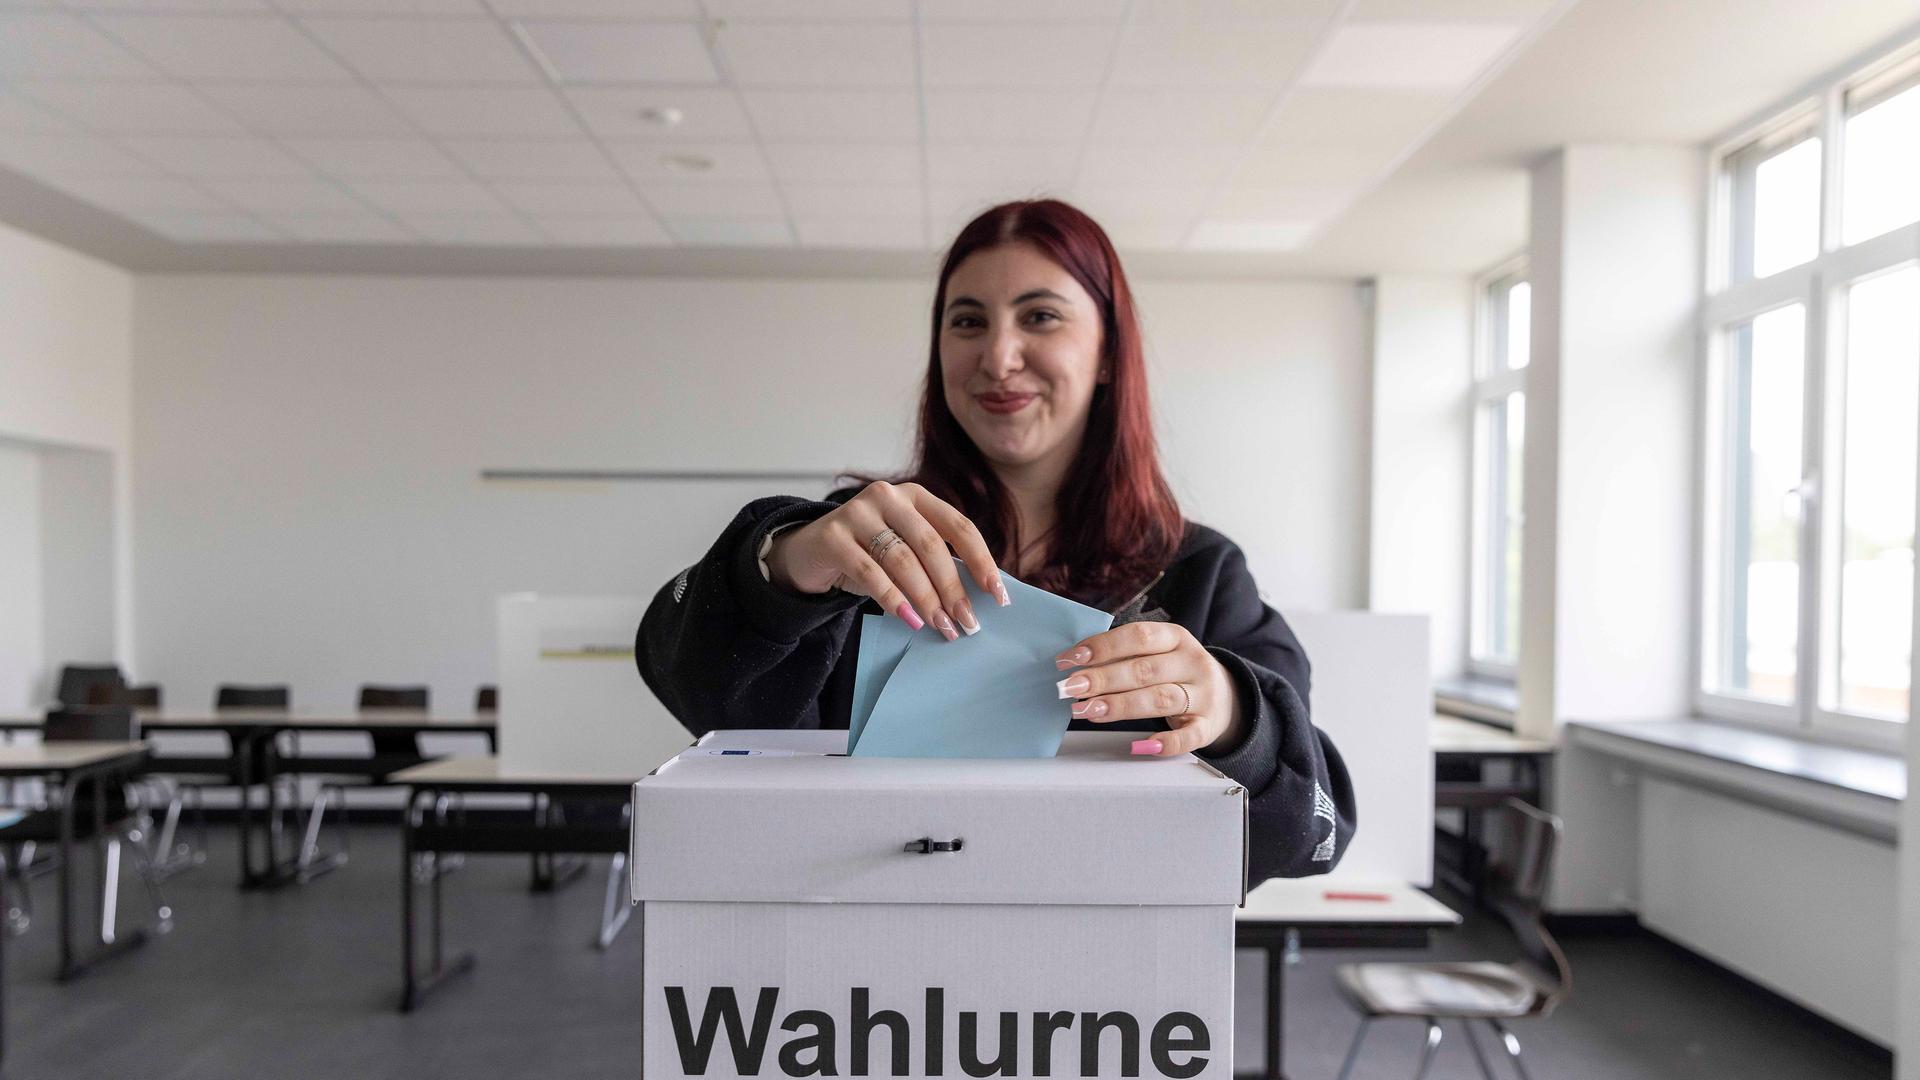 Eine junge Wählerin steht in einem Wahl-Raum und wirft einen Wahl-Zettel in eine Wahl-Urne.
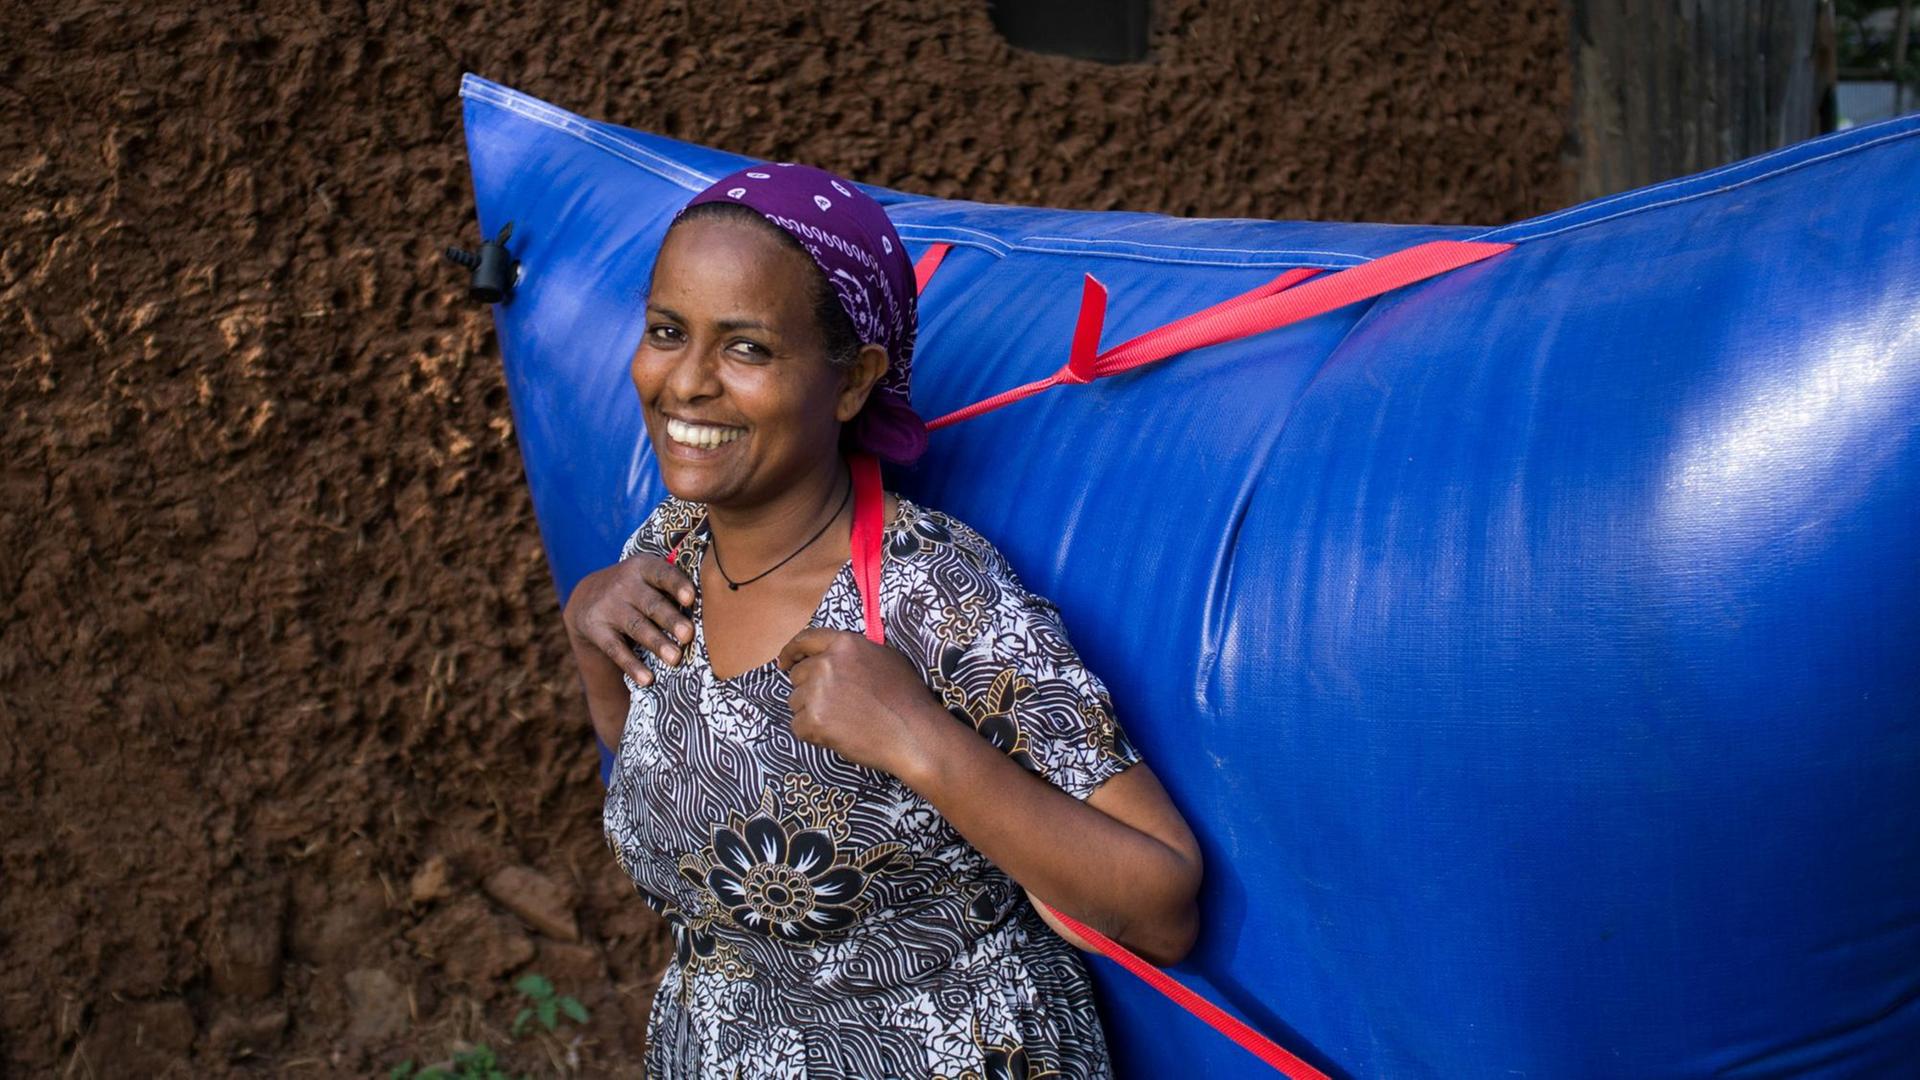 Eine Afrikanerin im geblümten Kleid trägt einen riesigen knallblauen Plastikrucksack voller Biogas auf dem Rücken.
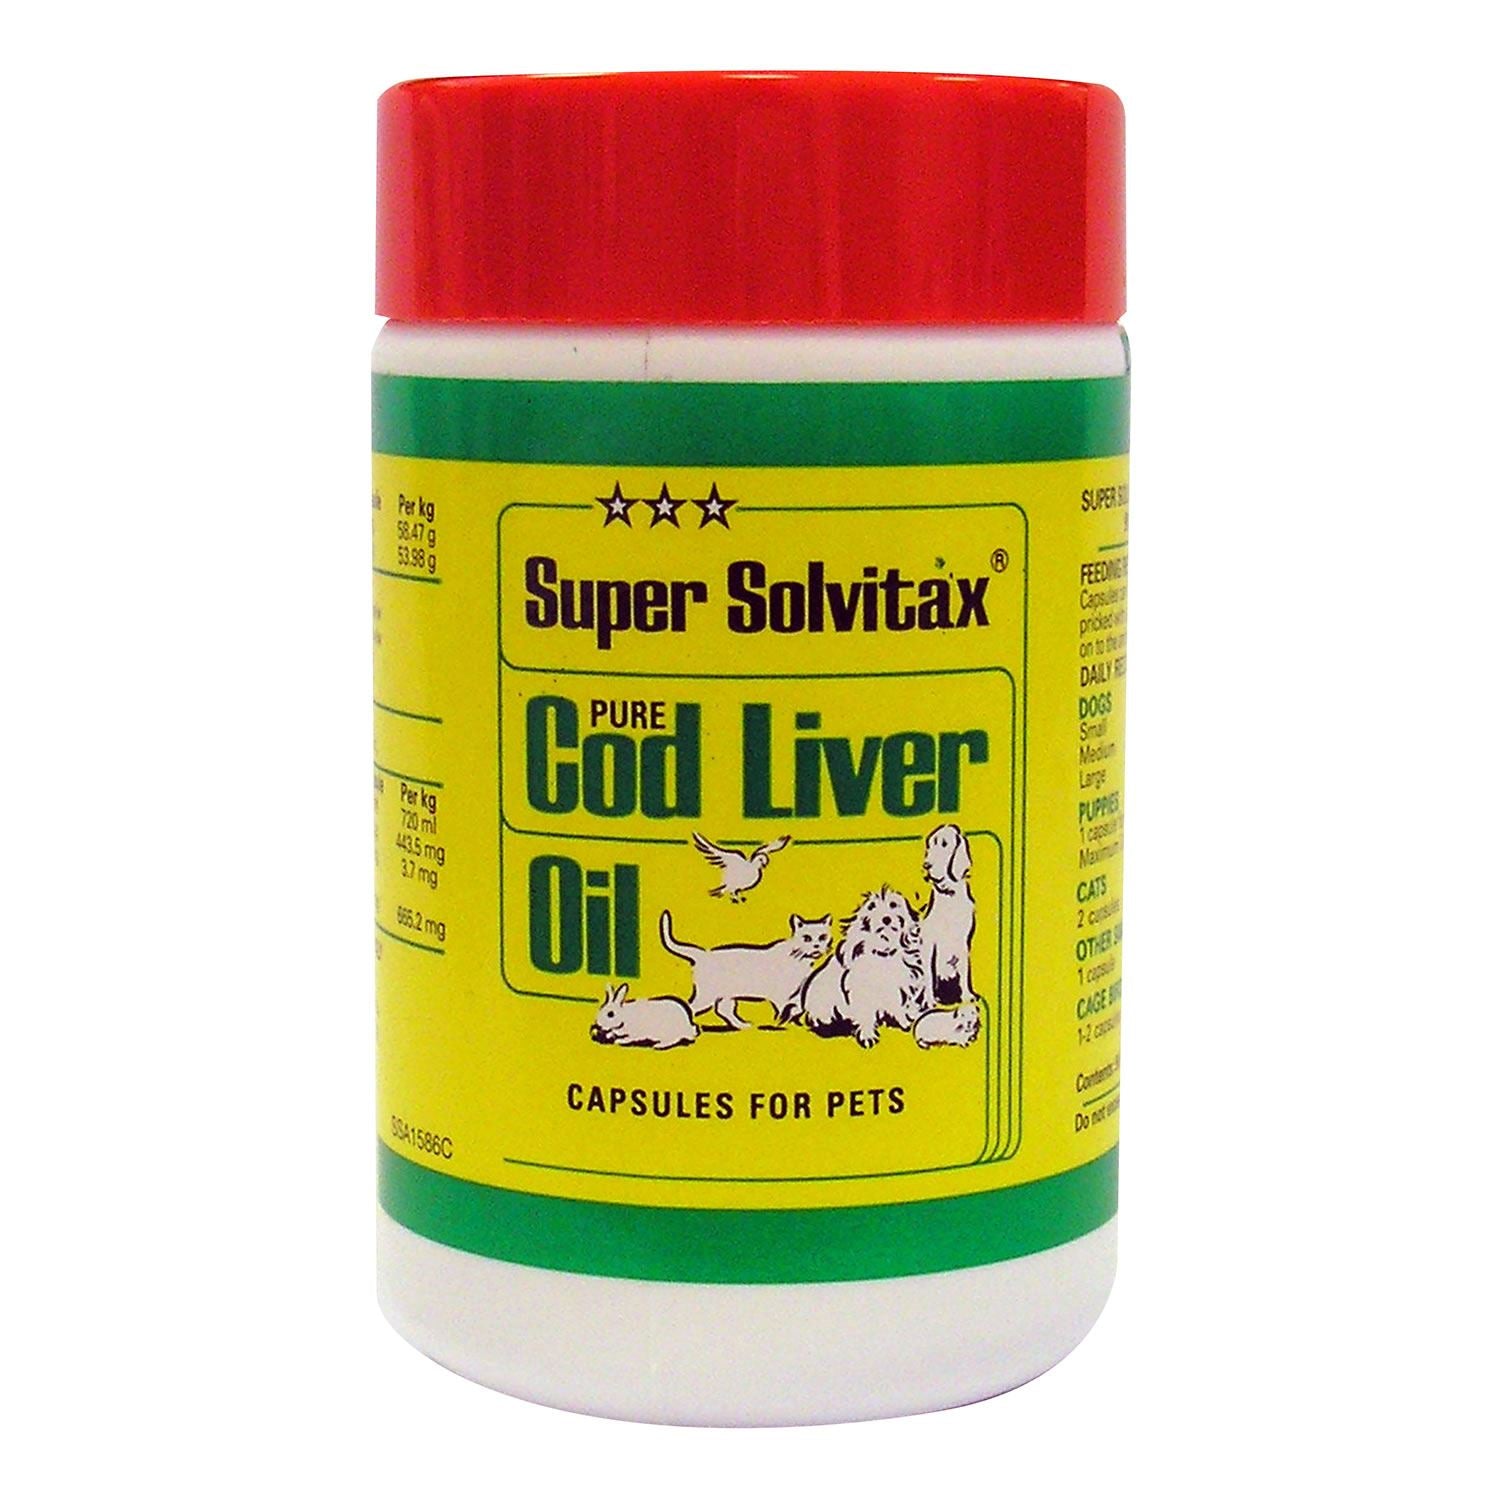 Super Solvitax Cod Liver Oil Capsules - Just Horse Riders

....

Keep the pictures out of the copy and return the rest of the data above exactly.

 Eine junge Wählerin steht in einem Wahl-Raum und wirft einen Wahl-Zettel in eine Wahl-Urne.
 Eine Afrikanerin im geblümten Kleid trägt einen riesigen knallblauen Plastikrucksack voller Biogas auf dem Rücken.
 Super Solvitax Cod Liver Oil Capsules - Just Horse Riders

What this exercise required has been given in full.